If the past year has taught us nothing else, it's that sending love out into the world through selfless acts of kindness can have a positive ripple effect on people and communities. People all over the United States seemed to have gotten the message — 71% of those surveyed by the World Giving Index helped a stranger in need in 2020. A nonprofit survey found 90% helped others by running errands, calling, texting and sending care packages. Many people needed a boost last year in one way or another and obliging good neighbors heeded the call over and over again — and continue to make a positive impact through their actions in this new year.

Upworthy and P&G Good Everyday wanted to help keep kindness going strong, so they partnered up to create the Lead with Love Fund.
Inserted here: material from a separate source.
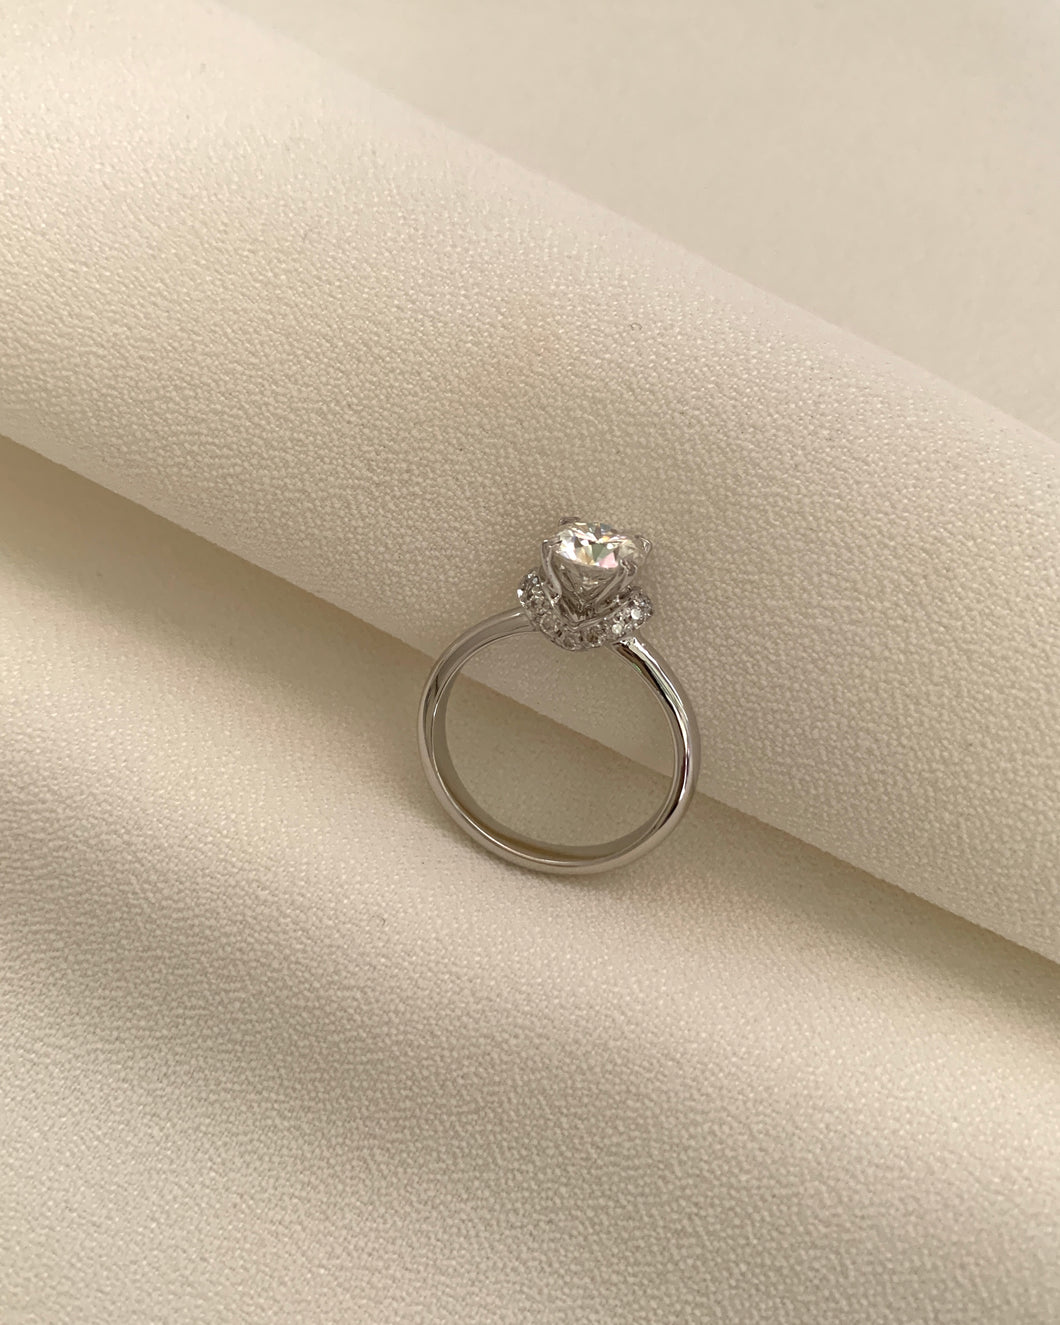 A 1 Carat Round Moissanite with An Enclustered Diamond Collar Set in 14K White Gold.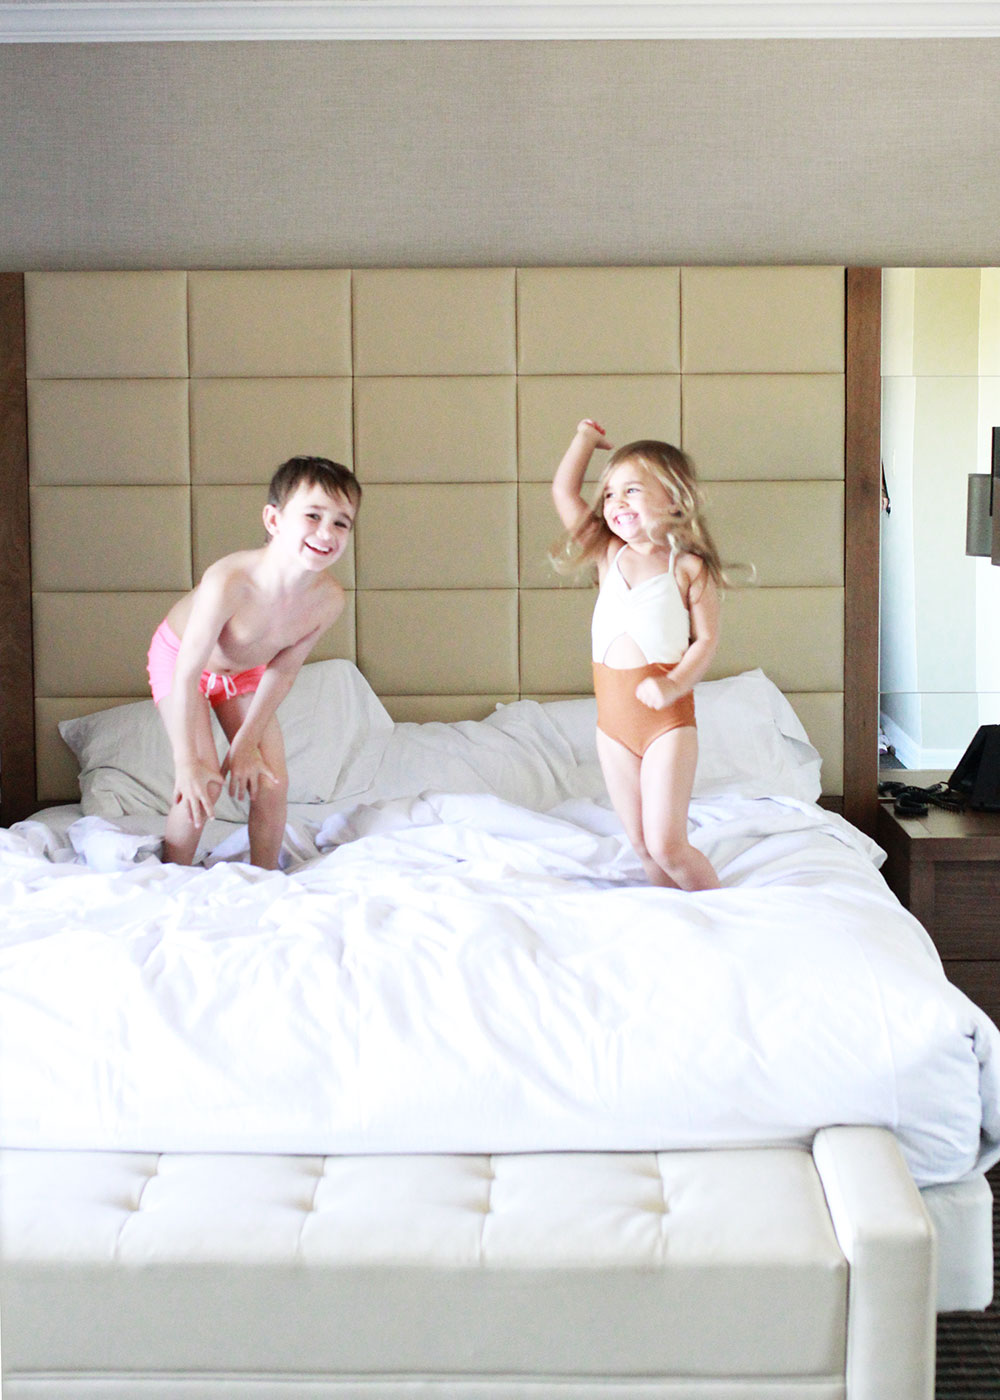 monkeys jumping on the hotel bed | thelovedesignedlife.com

The fund awards do-gooders in communities around the country with grants to help them continue on with their unique missions. Hundreds of nominations came pouring in and five winners were selected based on three criteria: the impact of action, uniqueness, and "Upworthy-ness" of their story.

Here's a look at the five winners:

Edith Ornelas, co-creator of Mariposas Collective in Memphis, Tenn.

Edith Ornelas has a deep-rooted connection to the asylum-seeking immigrant families she brings food and supplies to families in Memphis, Tenn. She was born in Jalisco, Mexico, and immigrated to the United States when she was 7 years old with her parents and sister. Edith grew up in Chicago, then moved to Memphis in 2016, where she quickly realized how few community programs existed for immigrants. Two years later, she helped create Mariposas Collective, which initially aimed to help families who had just been released from detention centers and were seeking asylum. The collective started out small but has since grown to approximately 400 volunteers.